— What to do —
Working through the data below, reproduce word for word the line with "1937 Chevrolet Master Deluxe - Black '37" and every line after it, both ends included, and omit the pictures.
Data provided section start
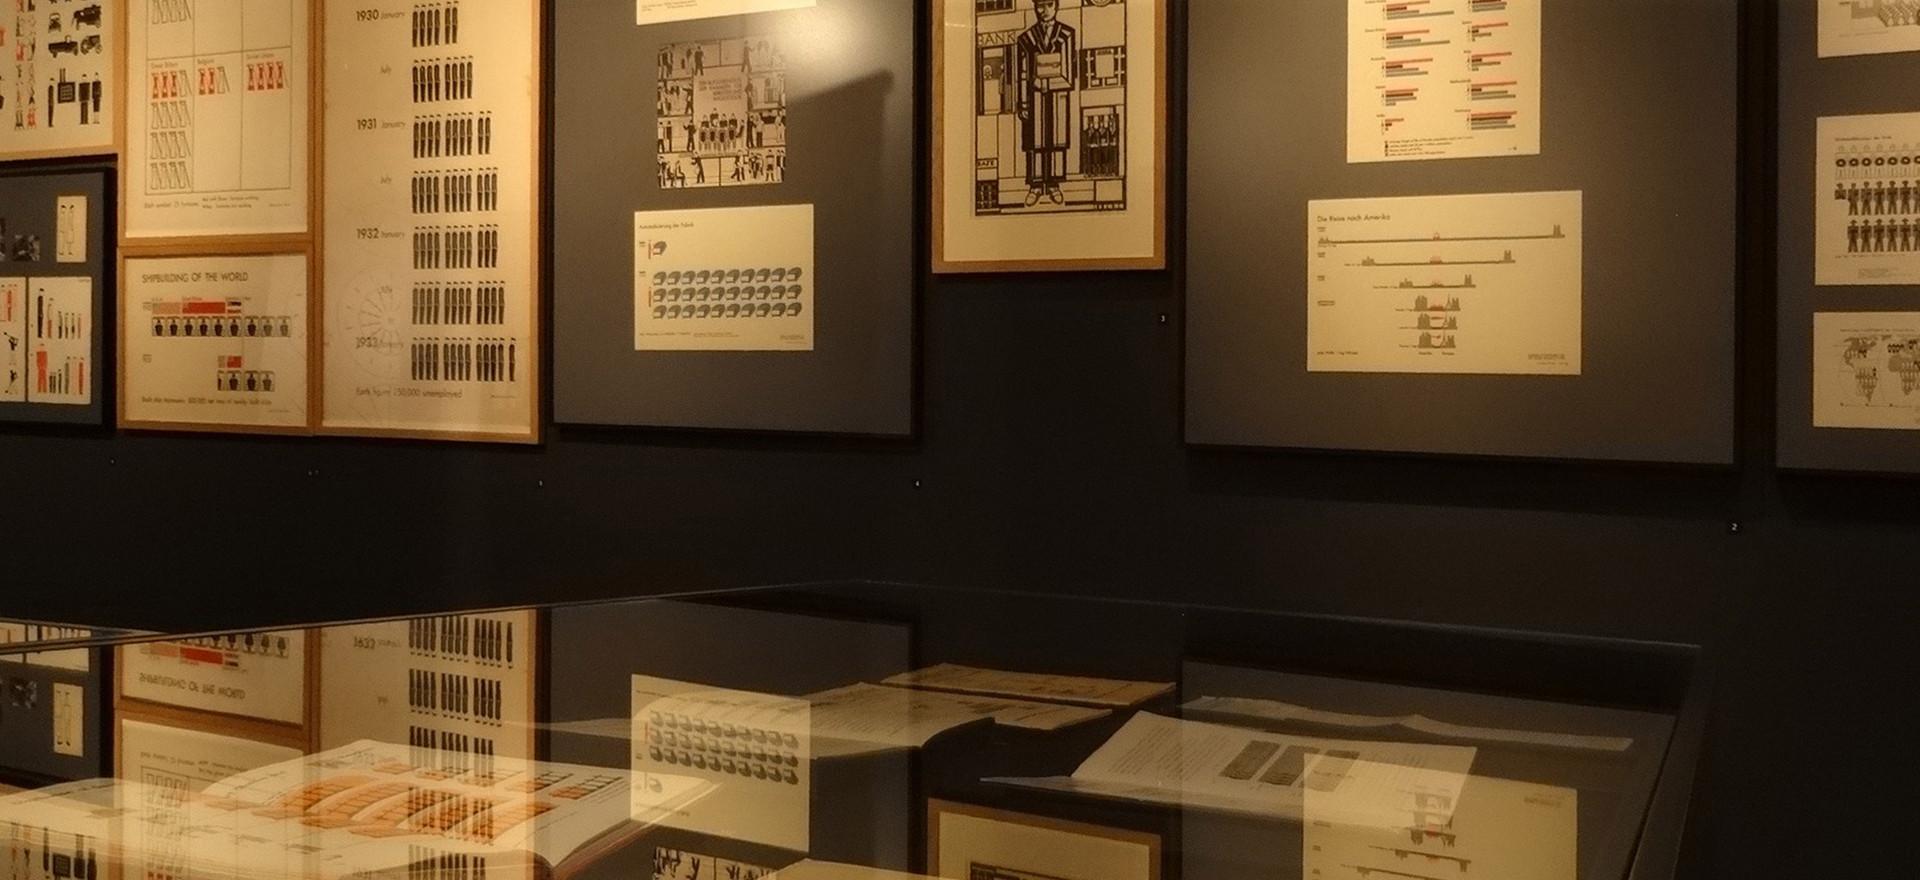 Bildfabriken. Infografik 1920 - 1945
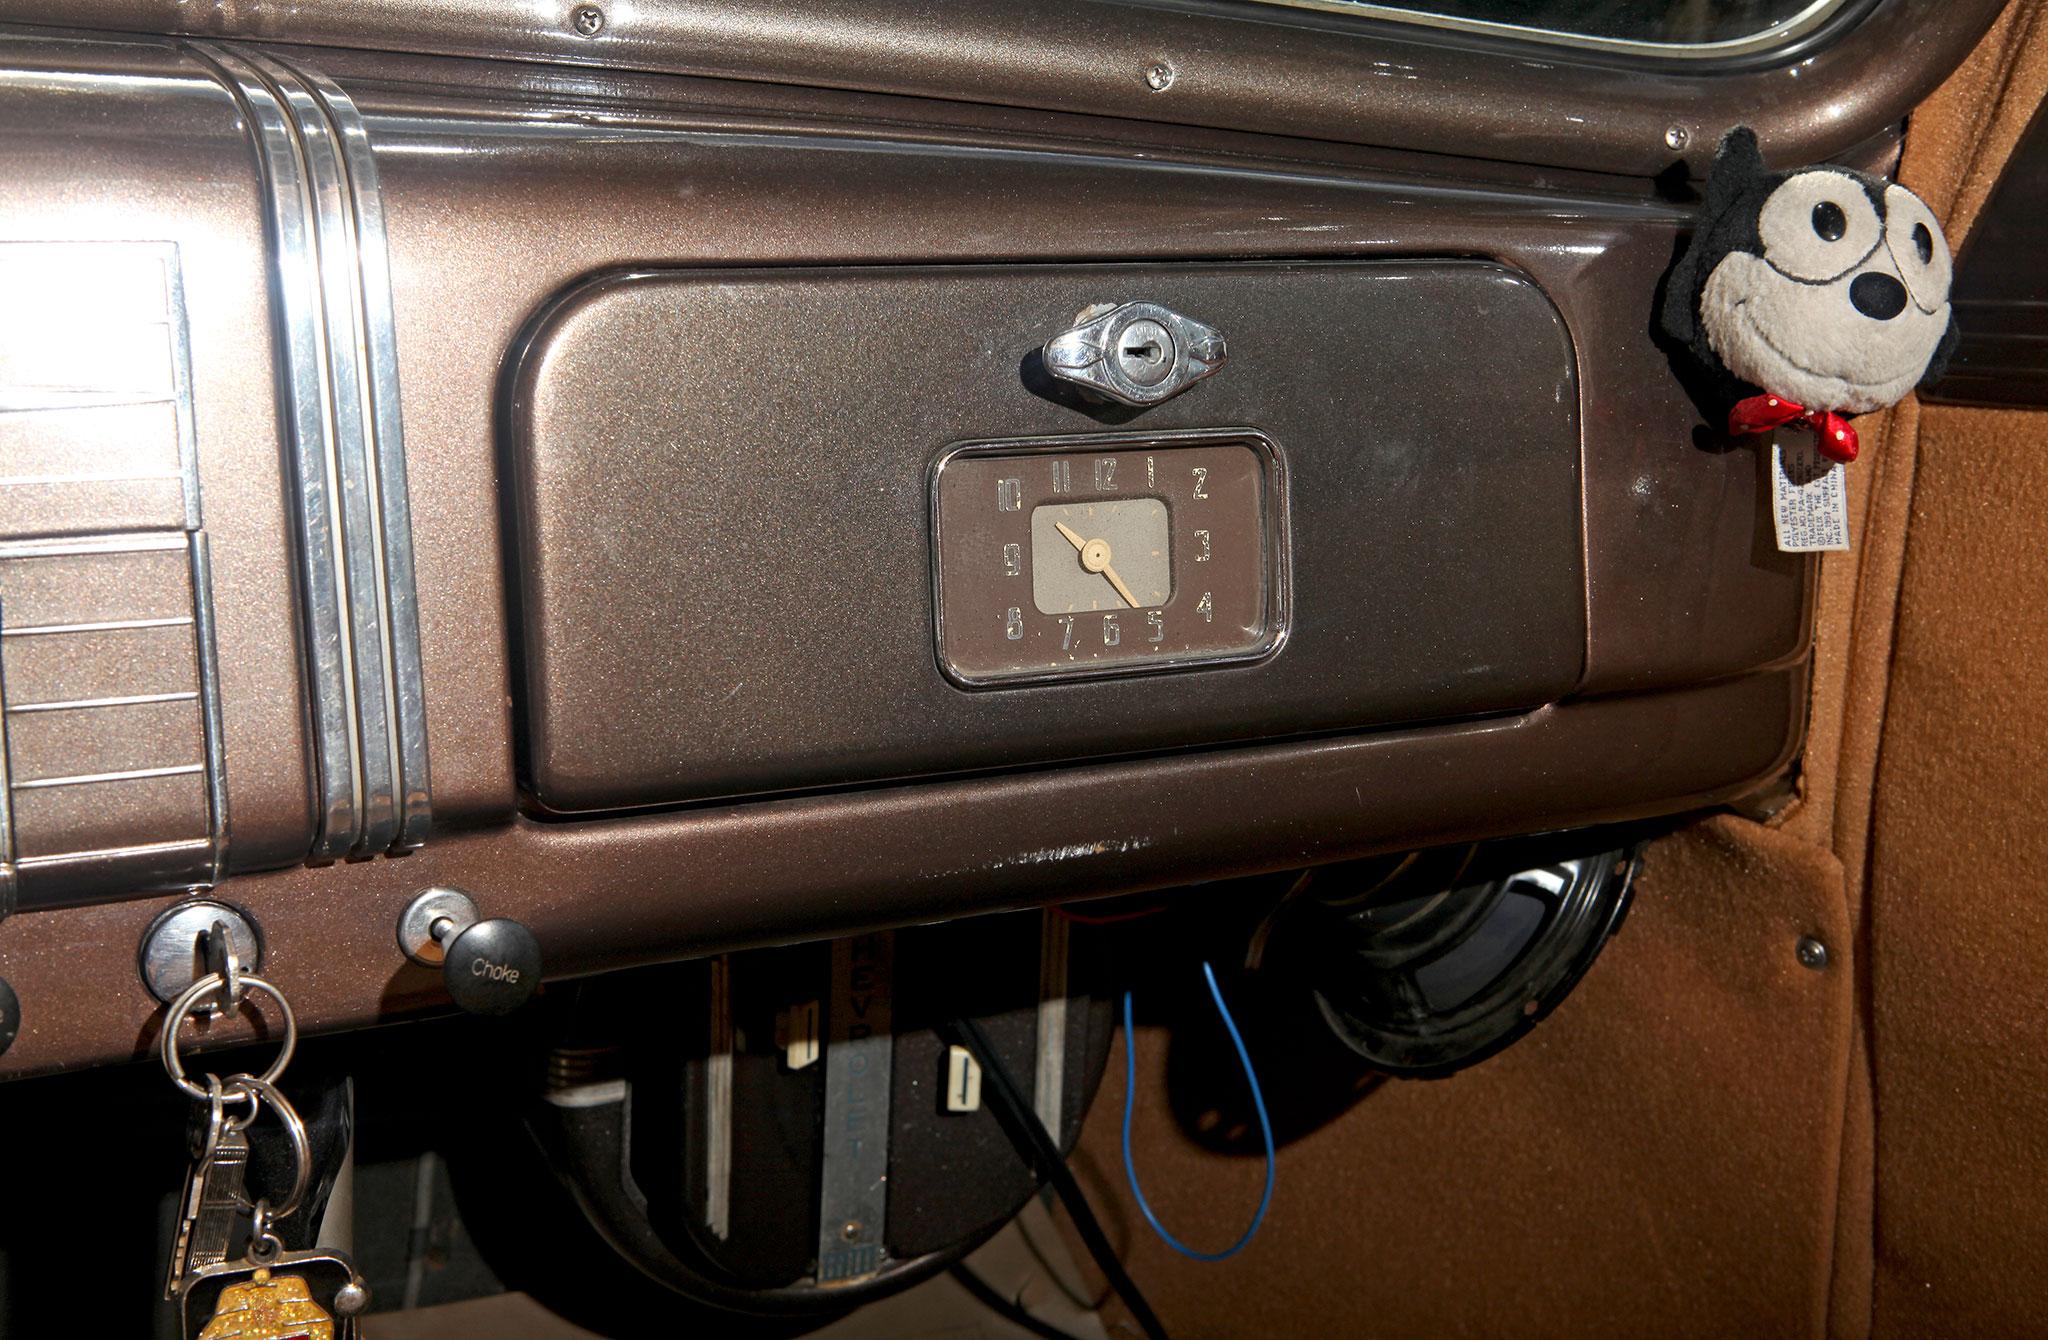 1937 Chevrolet Master Deluxe - Black '37
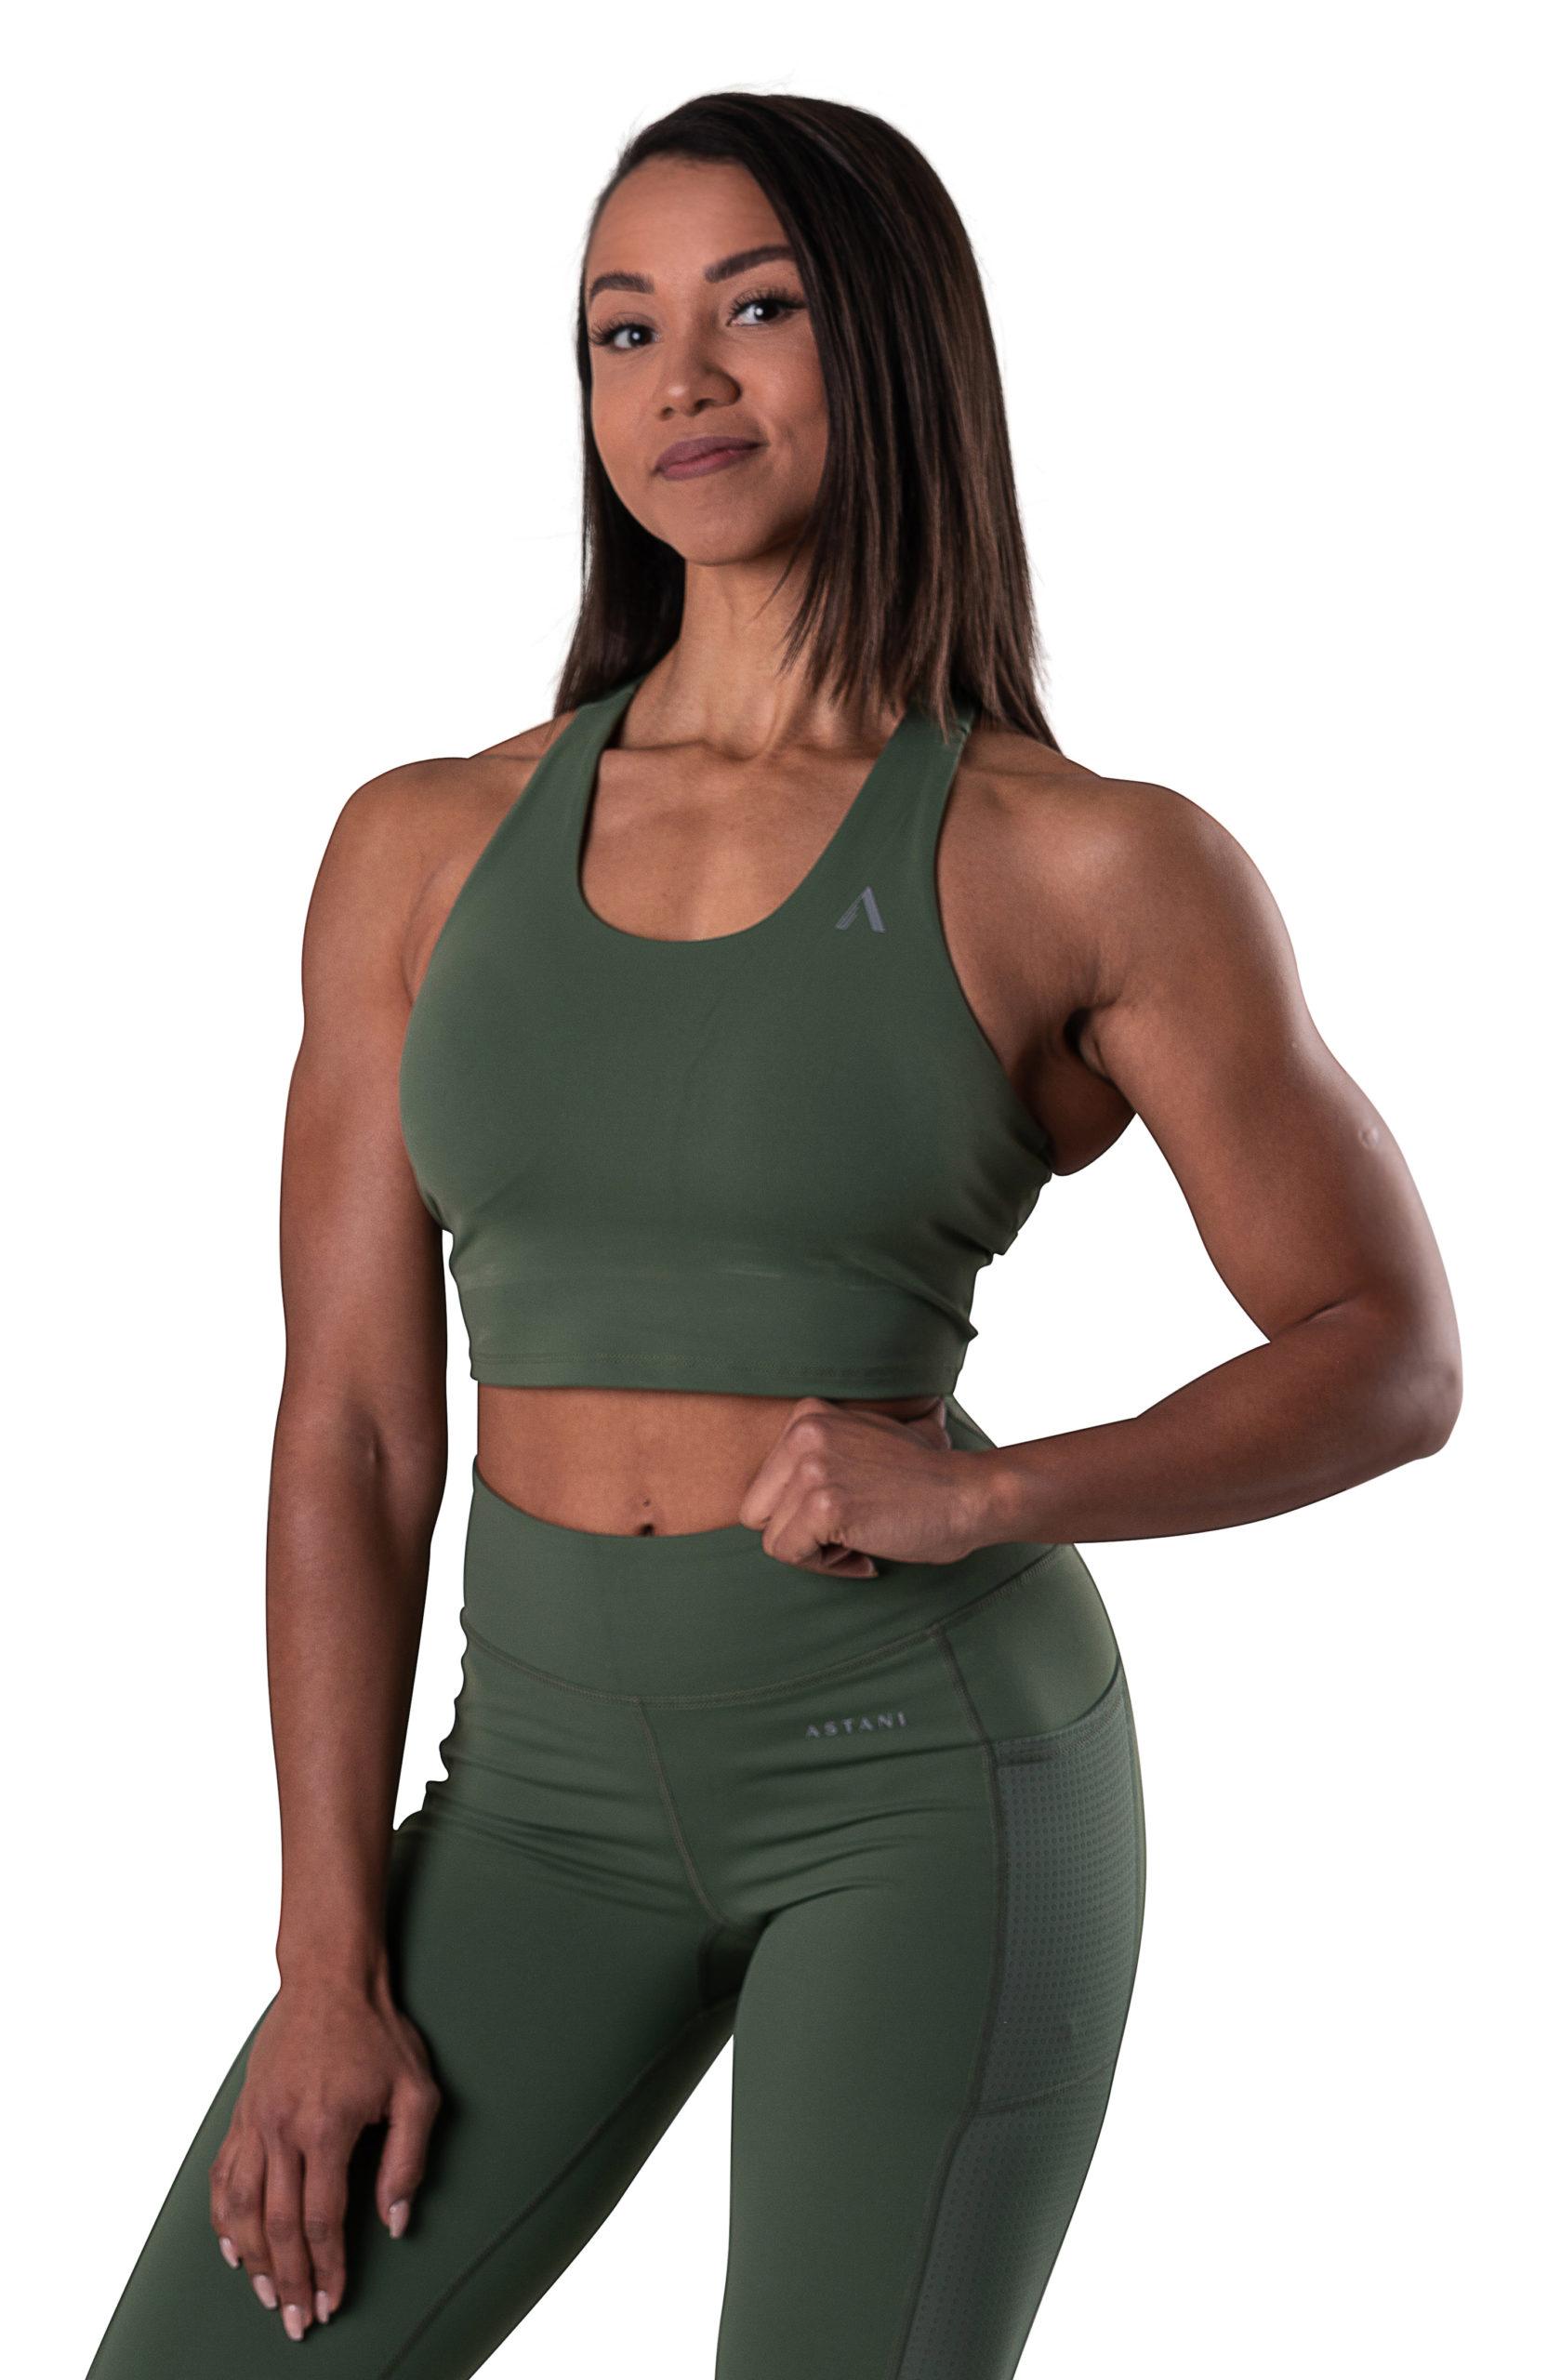 astaniwear-elegance-croptop-green-front cropped
Data provided section end
— Response to this task —
 1937 Chevrolet Master Deluxe - Black '37
 astaniwear-elegance-croptop-green-front cropped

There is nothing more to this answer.